Each line below needs to be returned exactly. Skip any picture.

**Data**.
------------------------

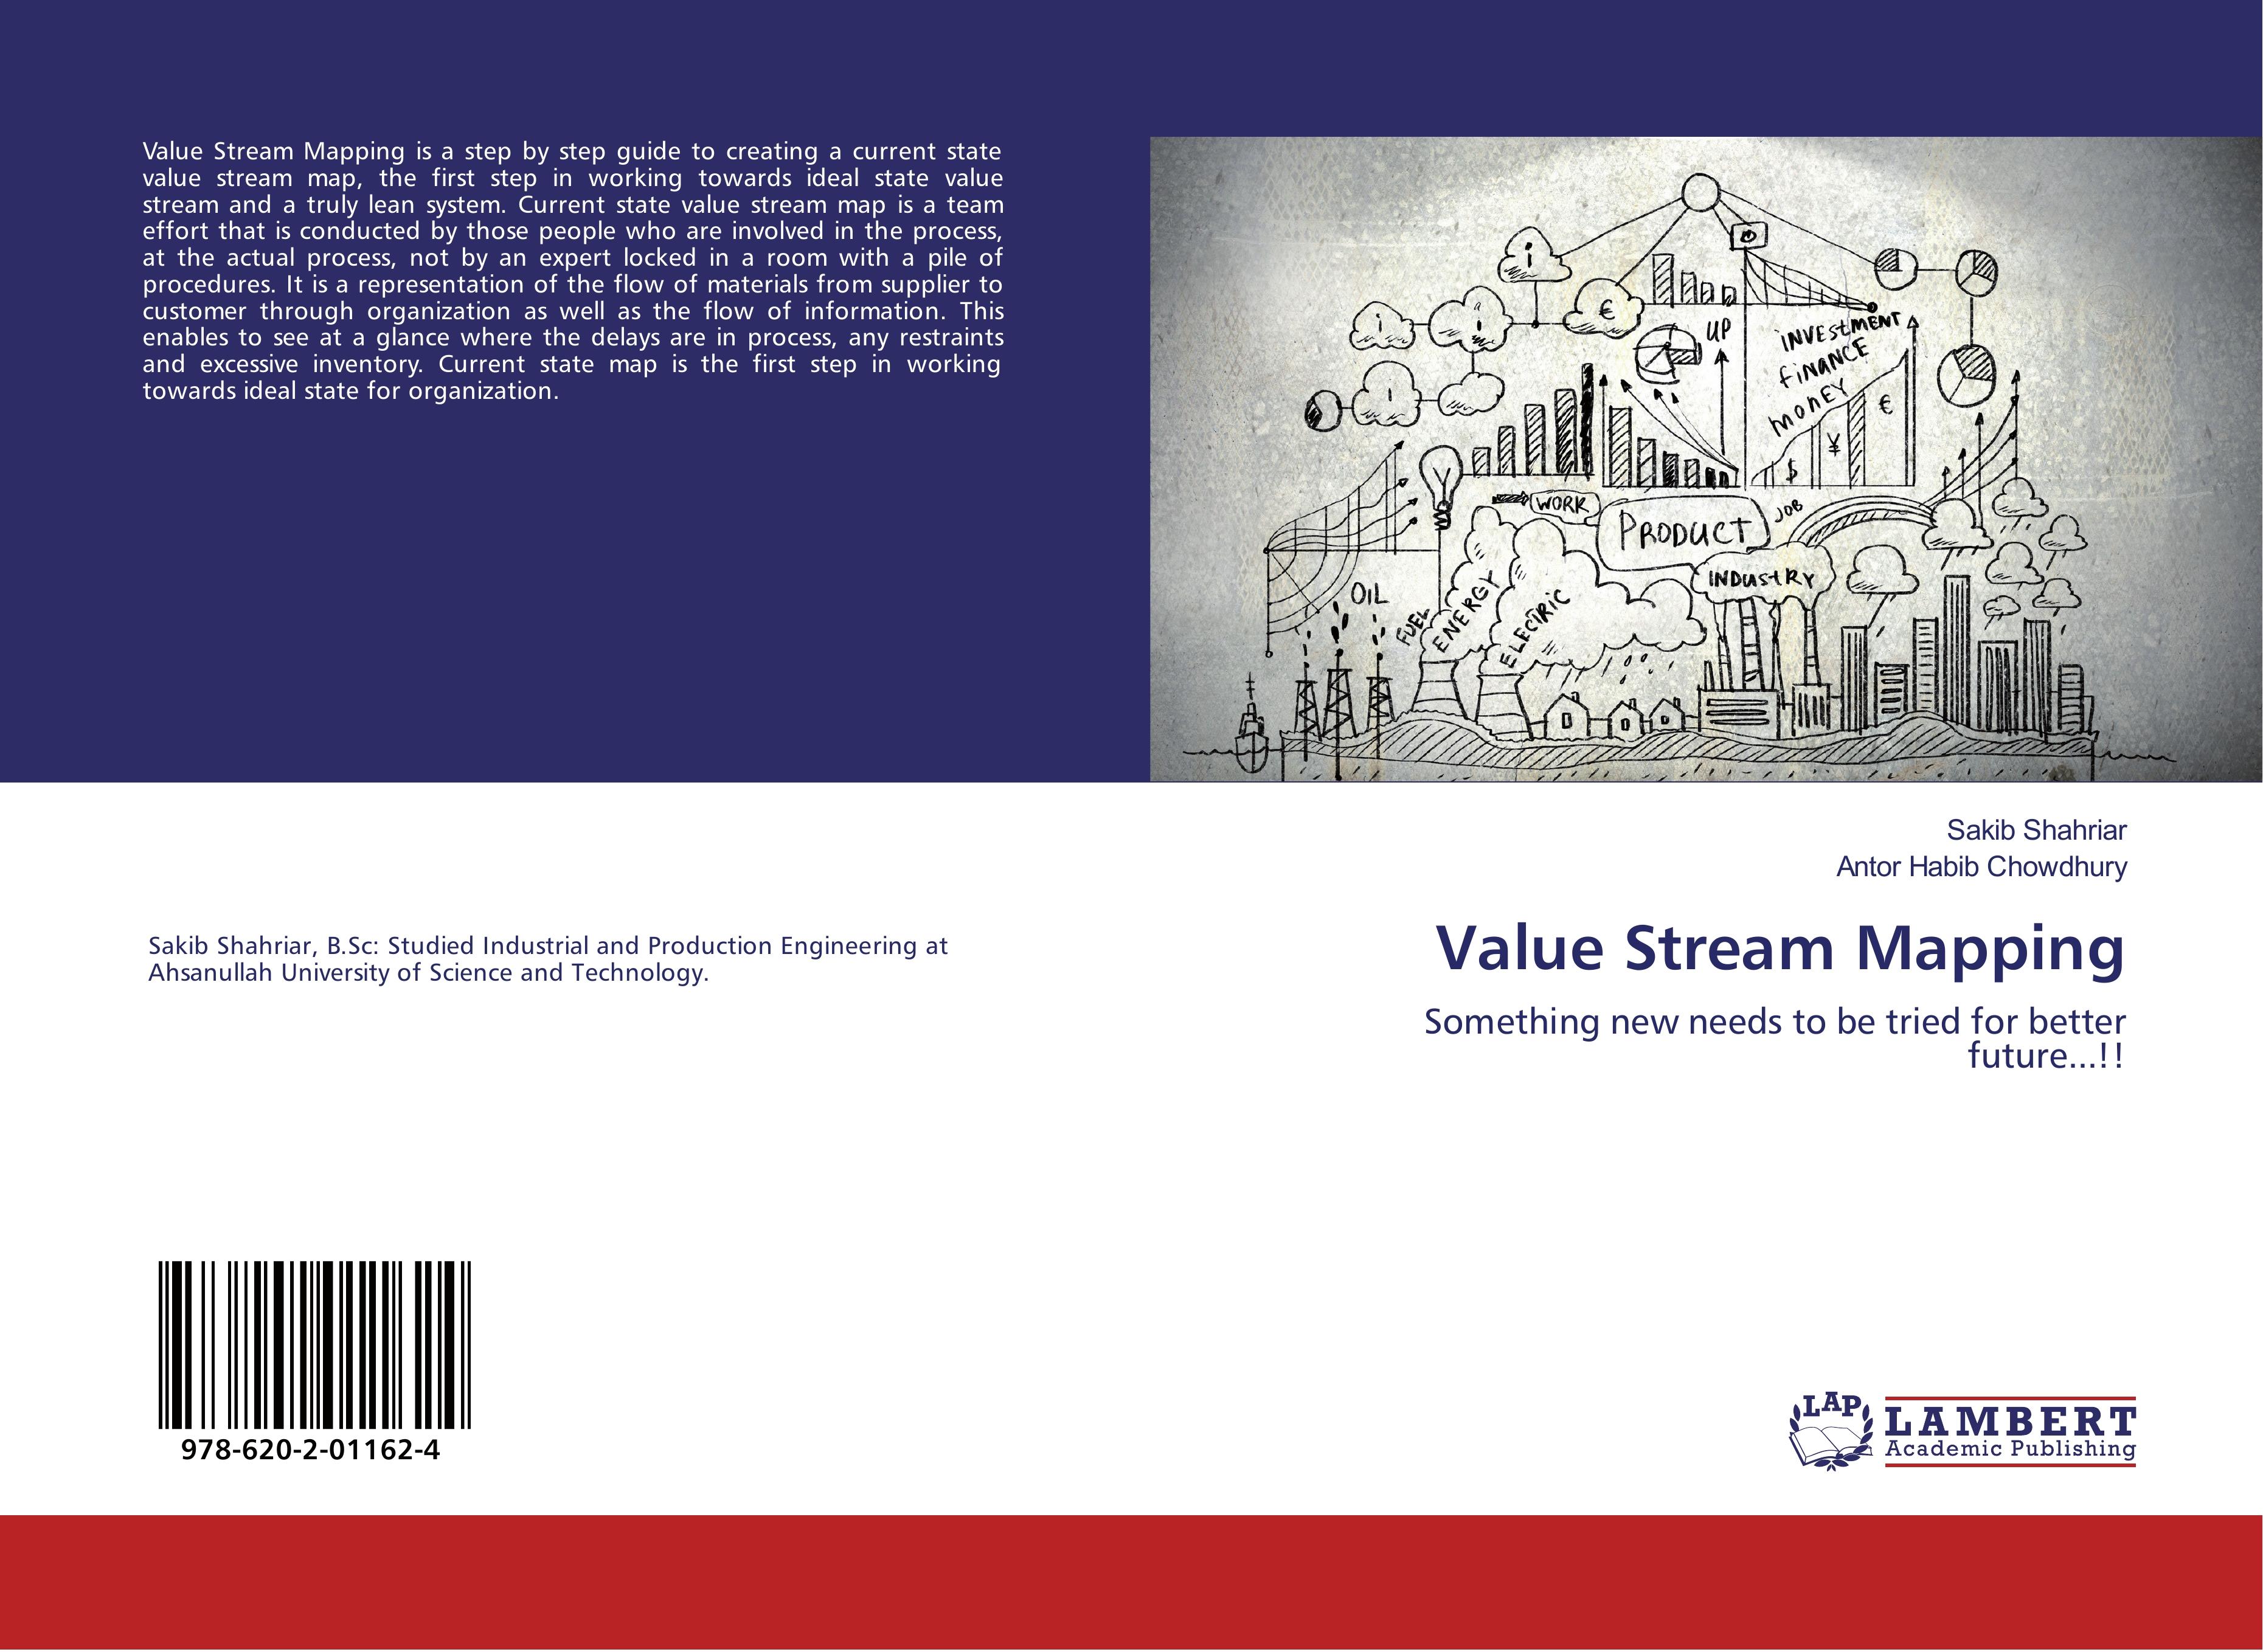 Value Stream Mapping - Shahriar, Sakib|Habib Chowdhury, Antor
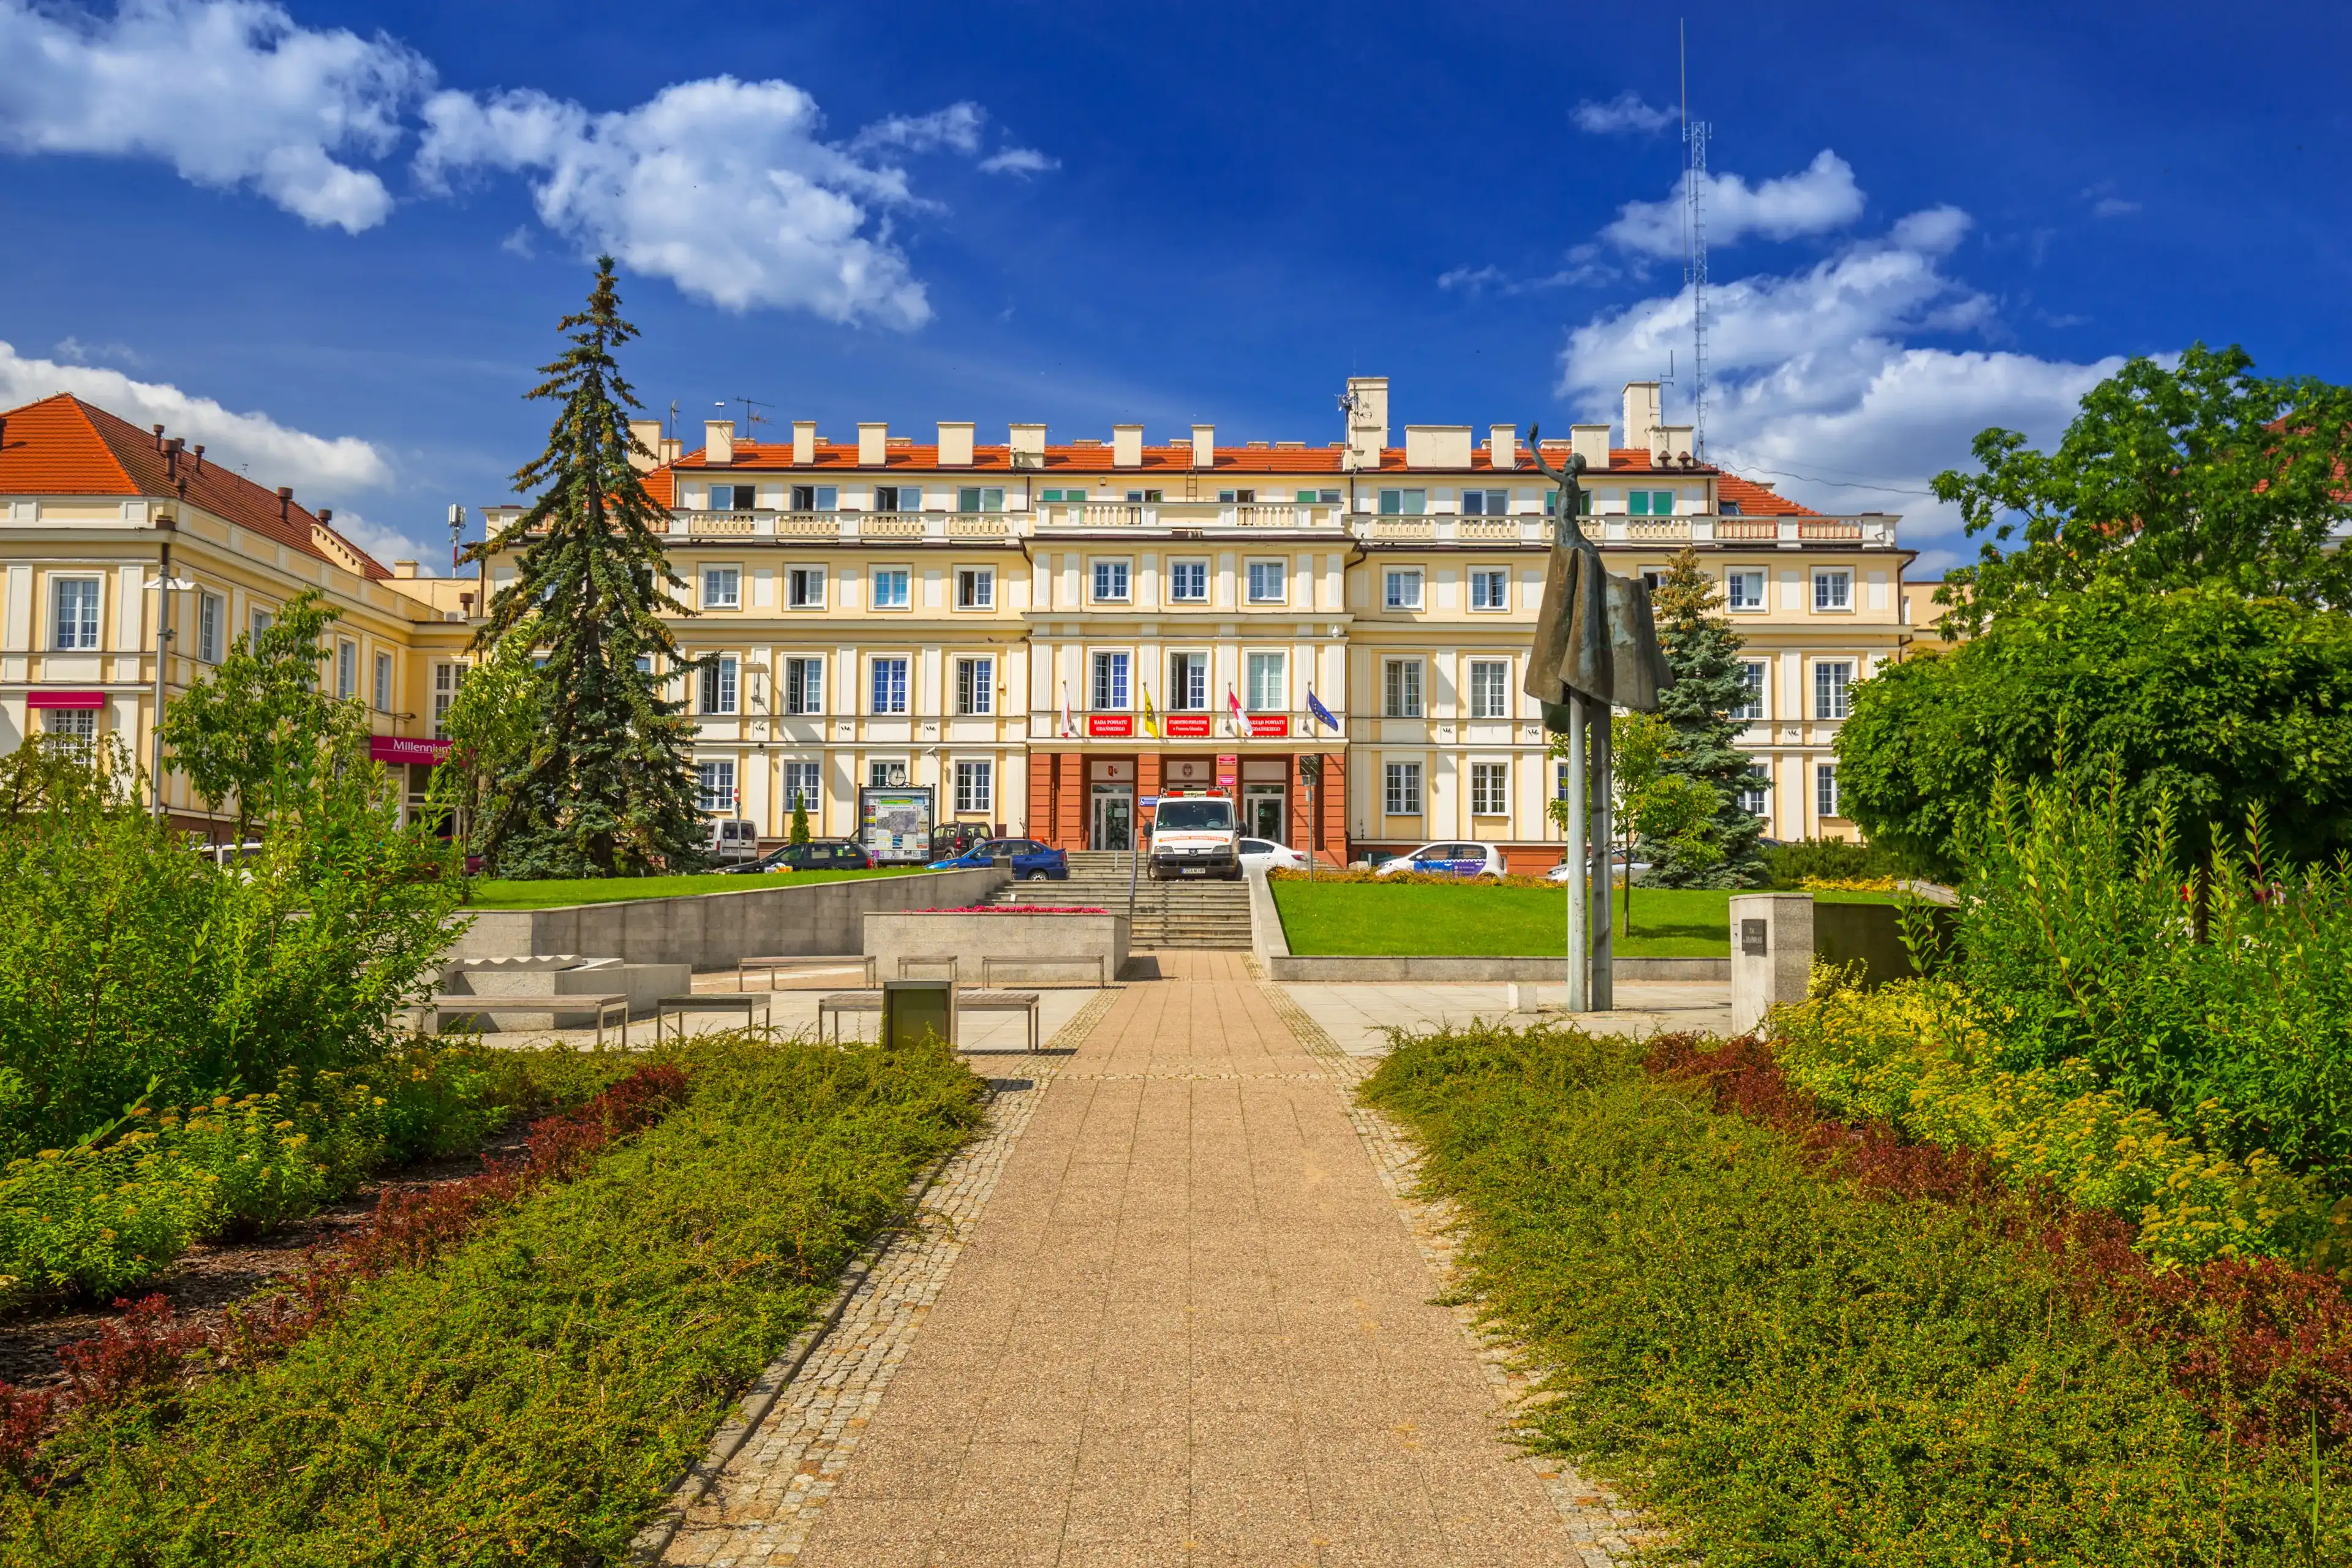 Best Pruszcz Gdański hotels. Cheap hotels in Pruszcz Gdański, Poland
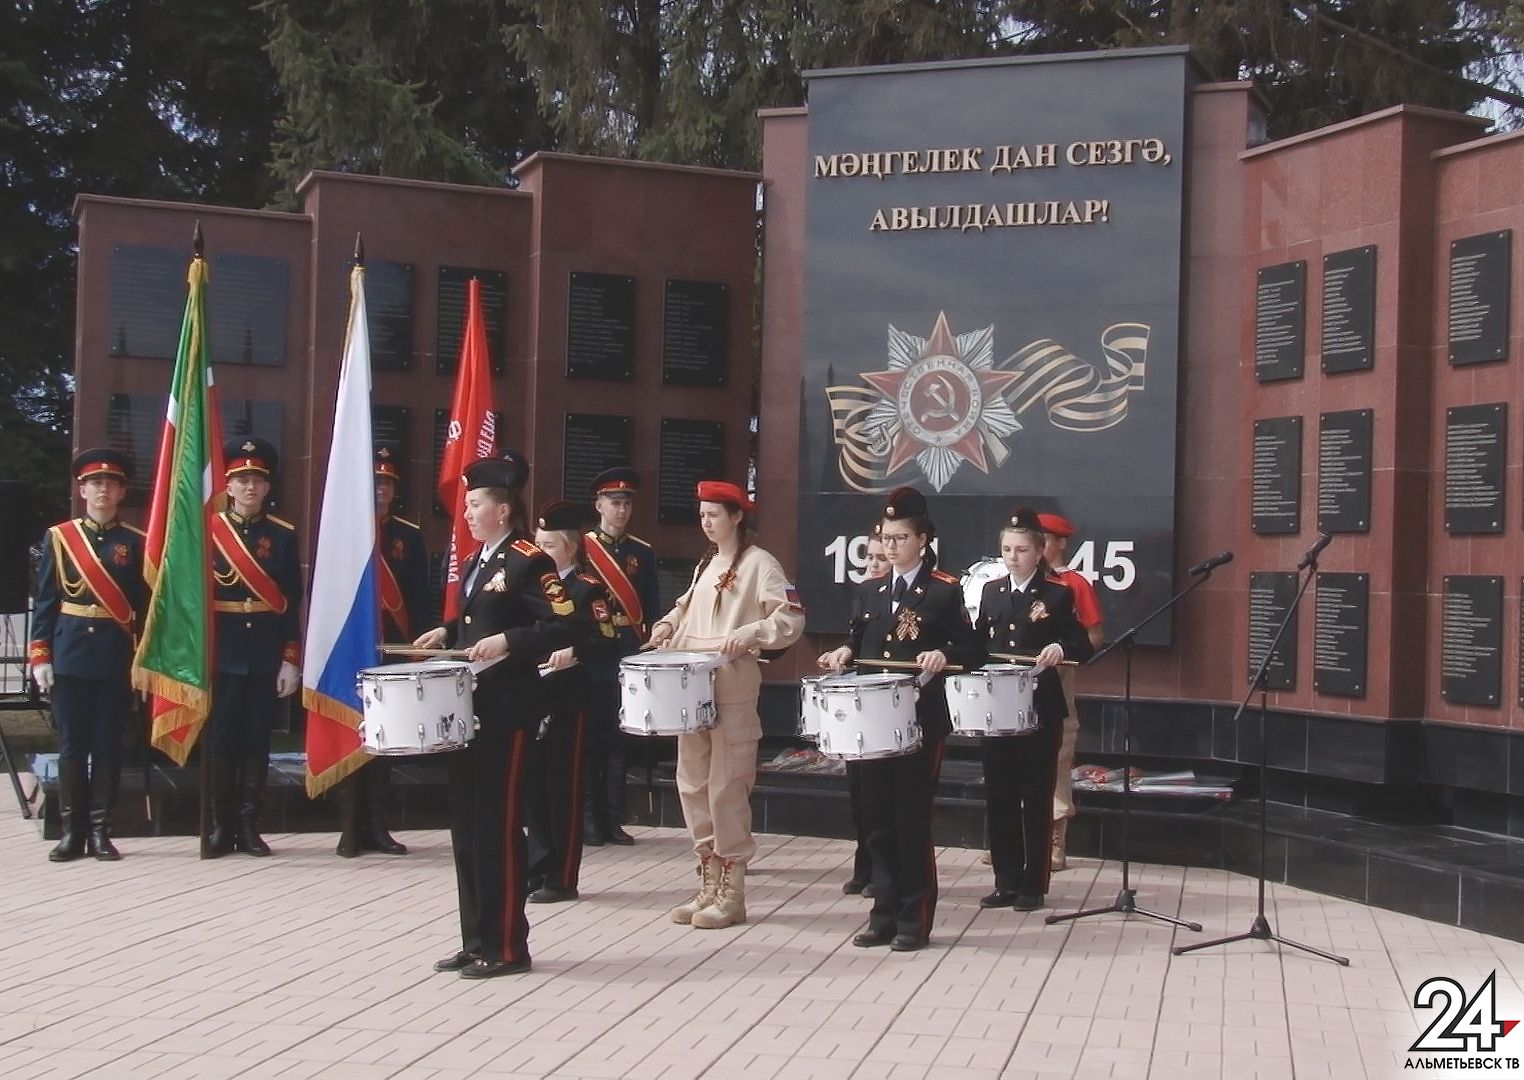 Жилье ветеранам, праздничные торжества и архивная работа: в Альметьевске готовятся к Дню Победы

------------------------

**Response area**.
 Value Stream Mapping - Shahriar, Sakib|Habib Chowdhury, Antor
 Best Pruszcz Gdański hotels. Cheap hotels in Pruszcz Gdański, Poland
 Жилье ветеранам, праздничные торжества и архивная работа: в Альметьевске готовятся к Дню Победы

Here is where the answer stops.